Required action:
Word for word, print each line of the listing below; pictures stay out.

Recorded information:
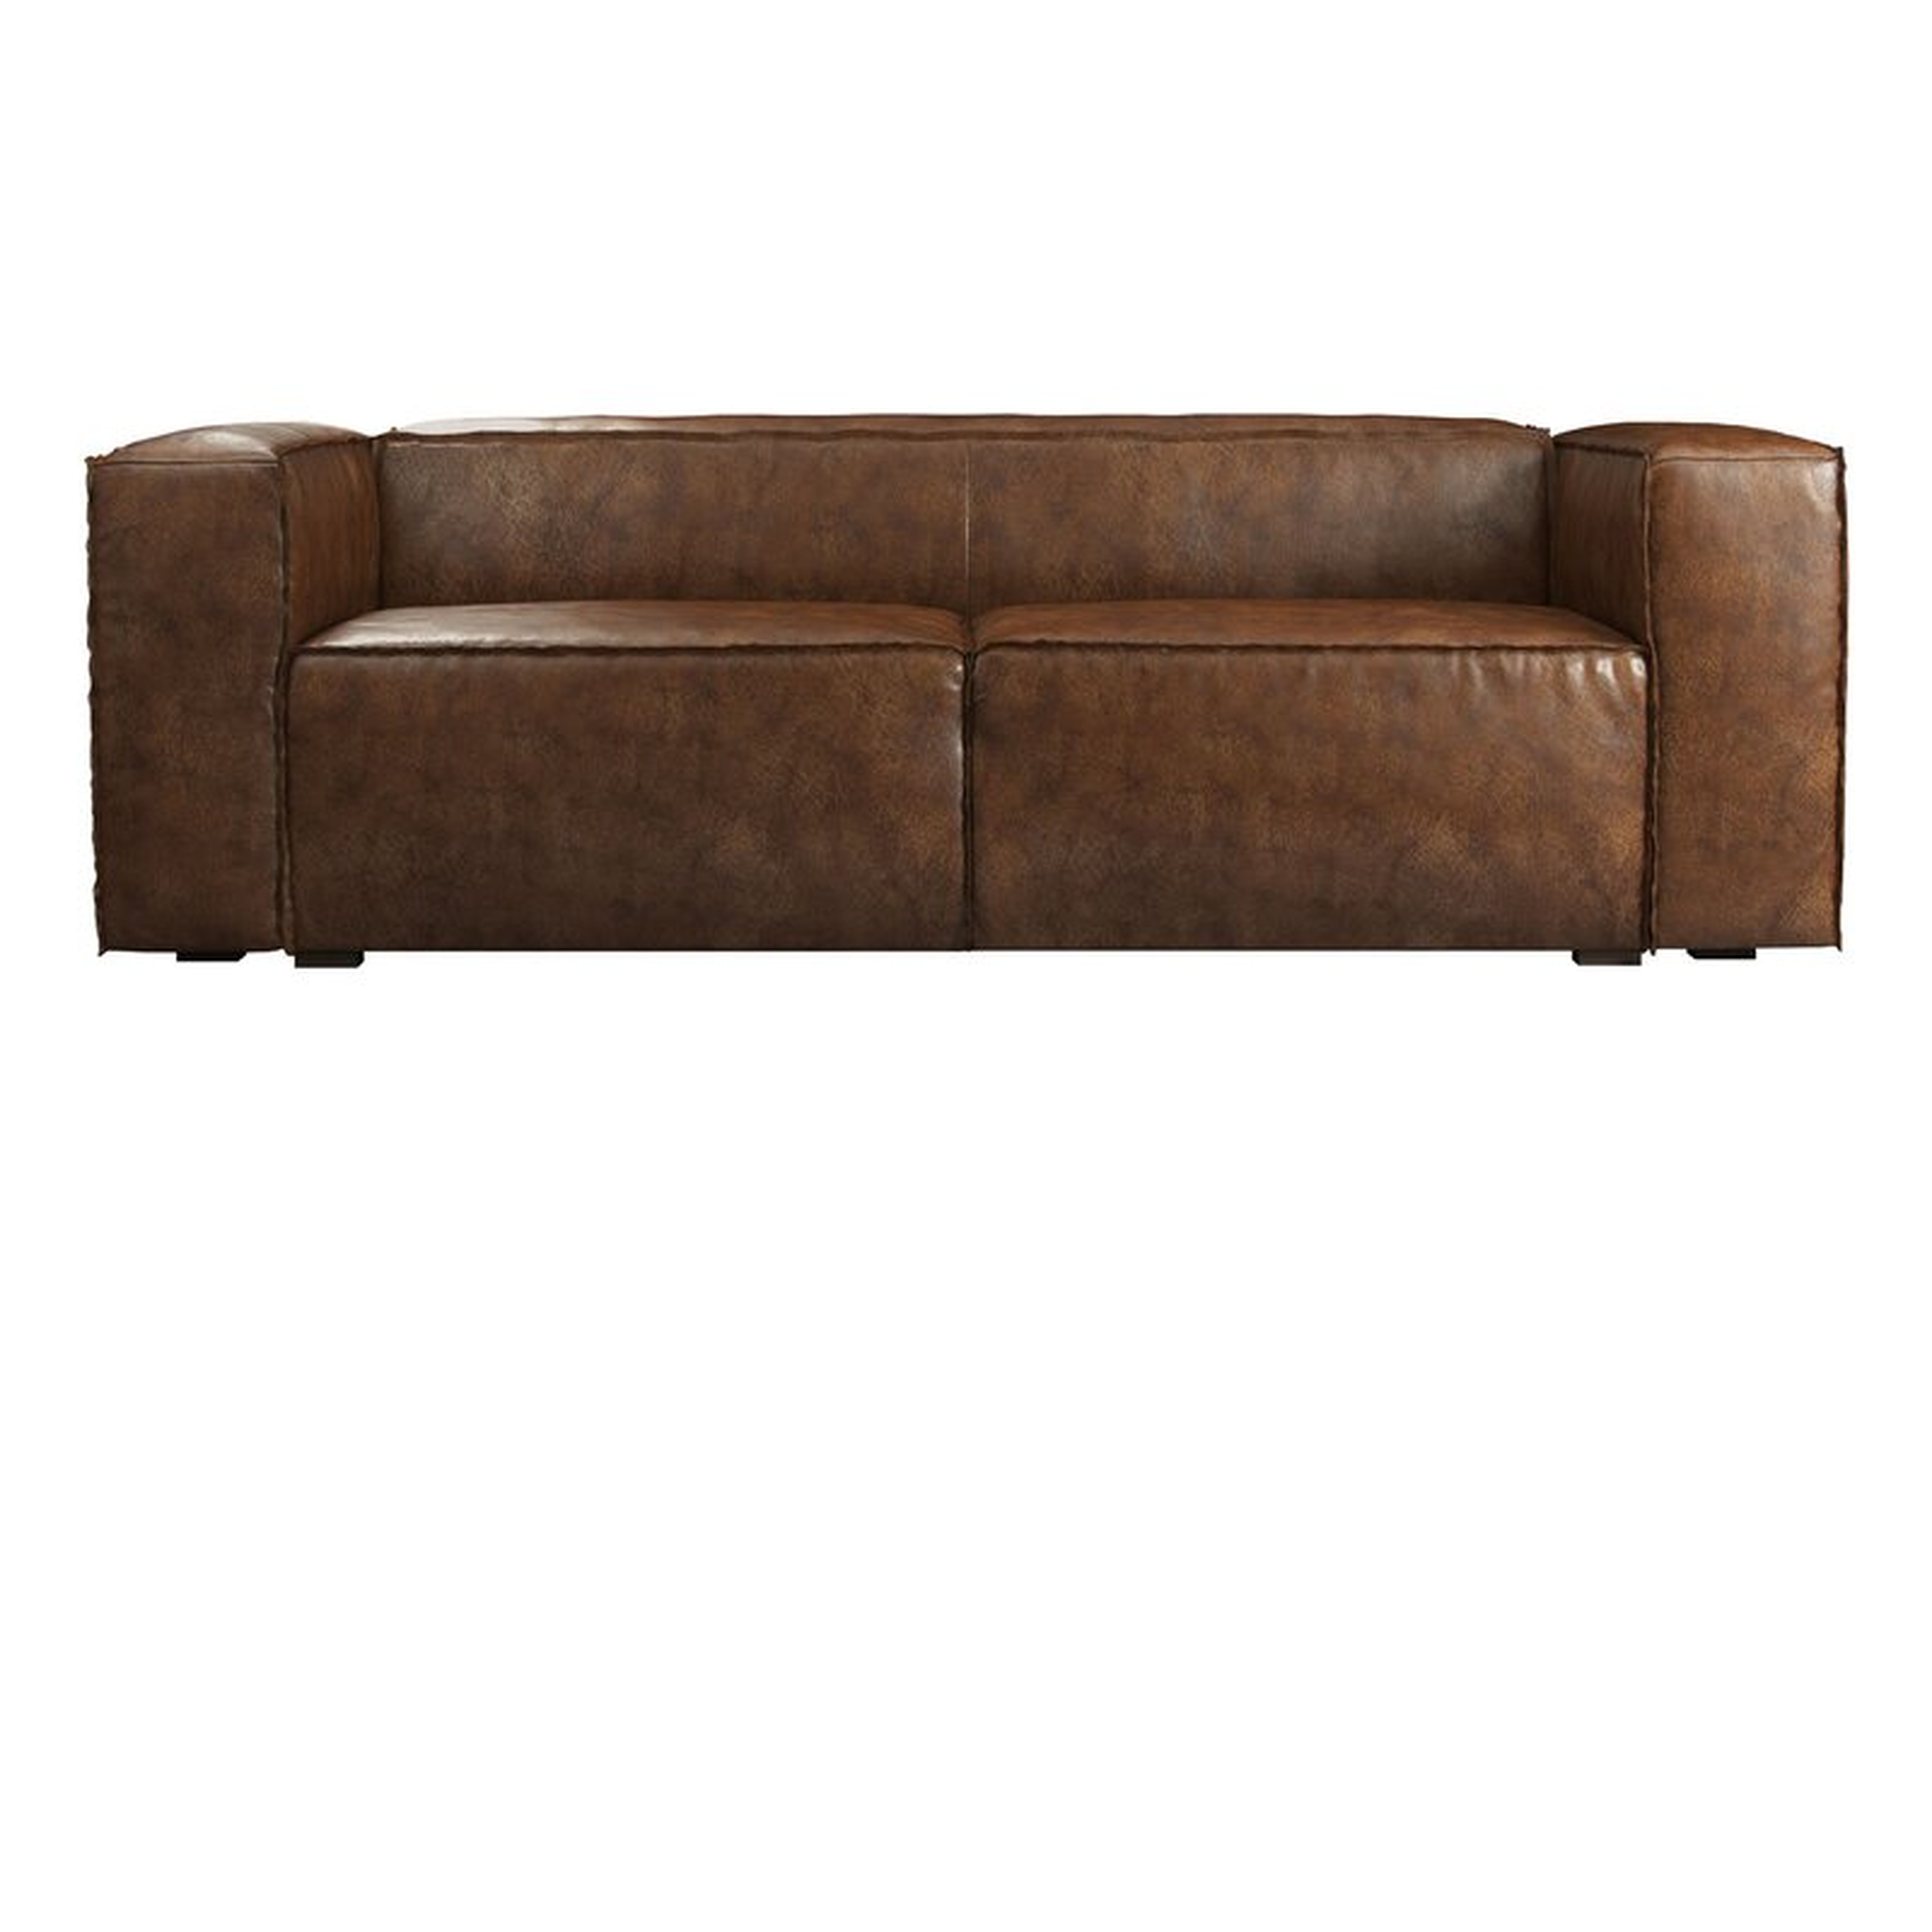 Modloft Black Dominick Leather Sofa Bed Fabric: Aged Whisky Genuine Leather - Perigold
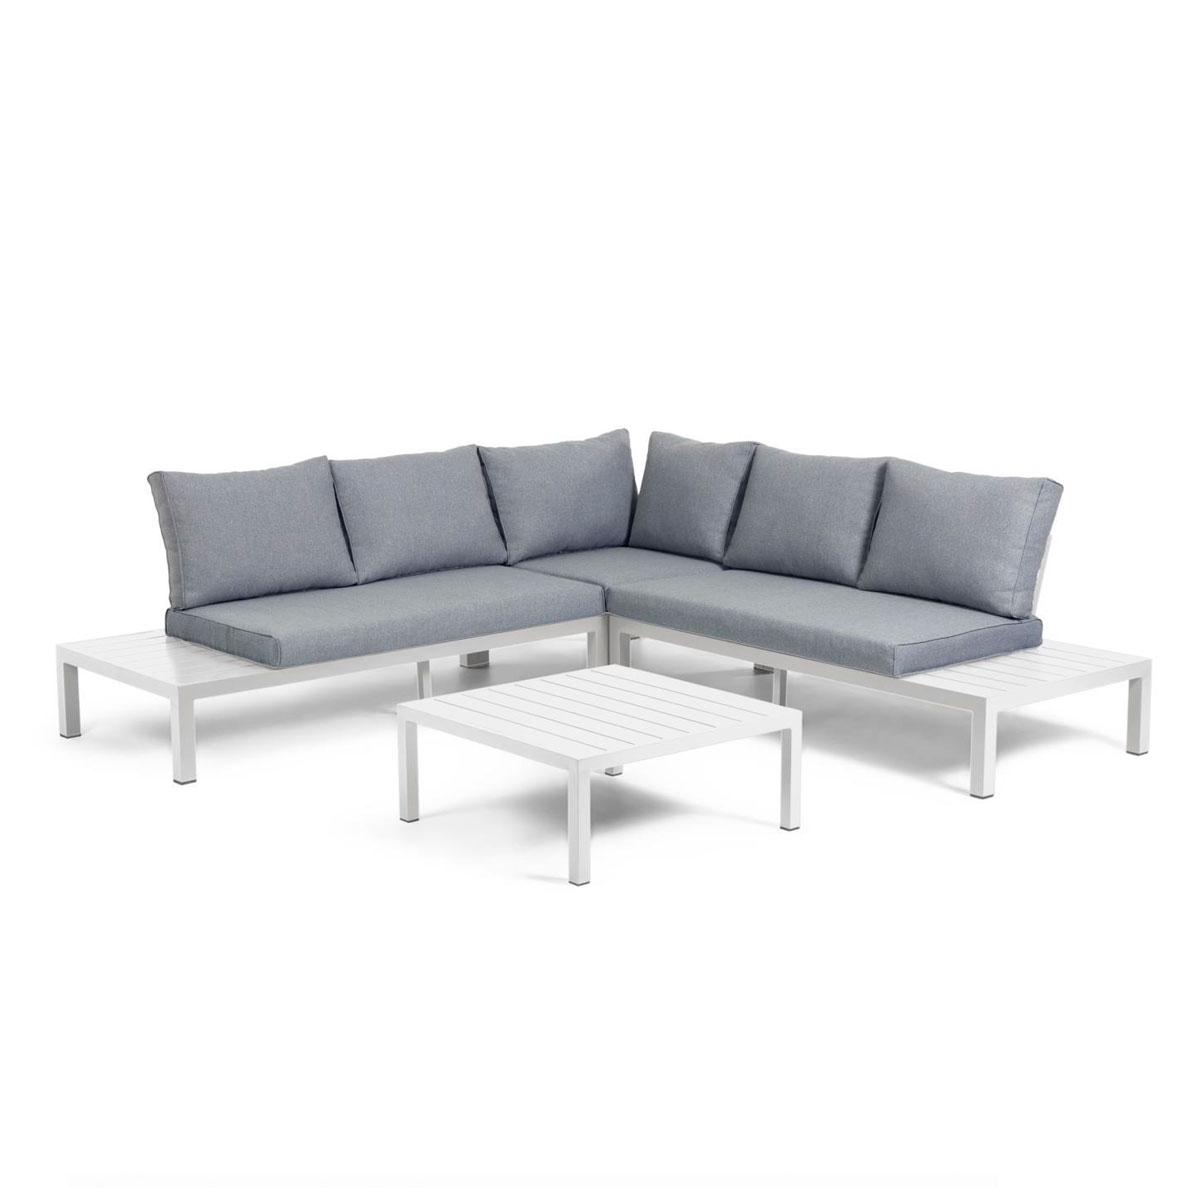 Conjunto exterior aluminio blanco- Artikalia Muebles de diseño
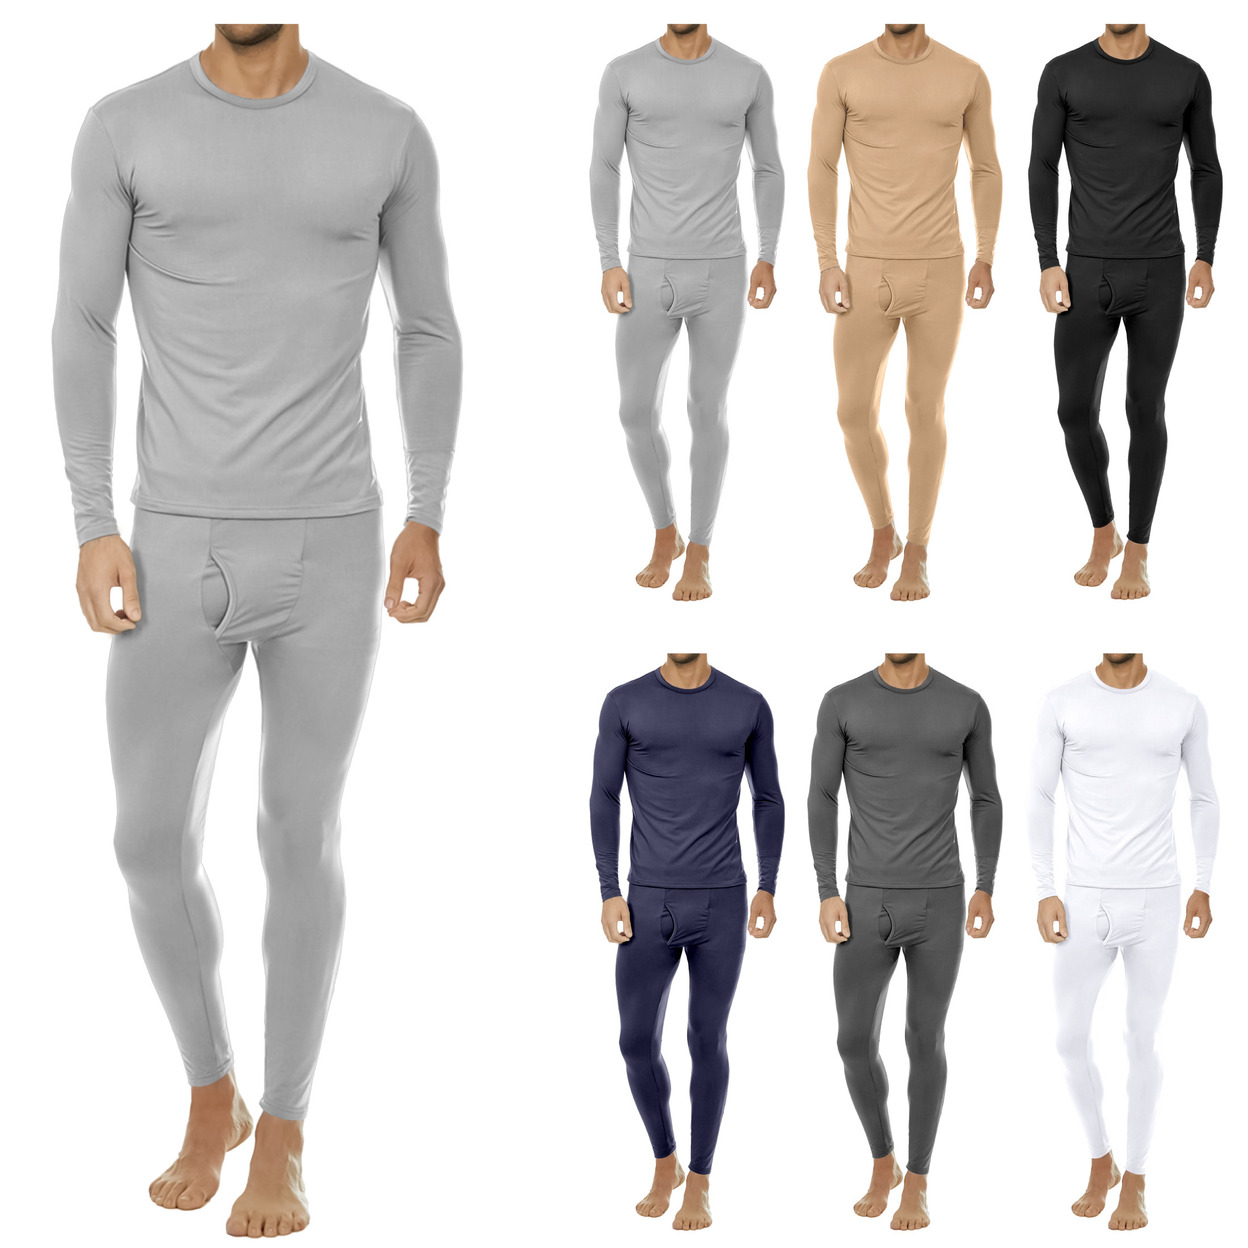 2-Sets: Men's Winter Warm Fleece Lined Thermal Underwear Set For Cold Weather - Grey&navy, Medium

Written solution:
 Modloft Black Dominick Leather Sofa Bed Fabric: Aged Whisky Genuine Leather - Perigold
 Conjunto exterior aluminio blanco- Artikalia Muebles de diseño
 2-Sets: Men's Winter Warm Fleece Lined Thermal Underwear Set For Cold Weather - Grey&navy, Medium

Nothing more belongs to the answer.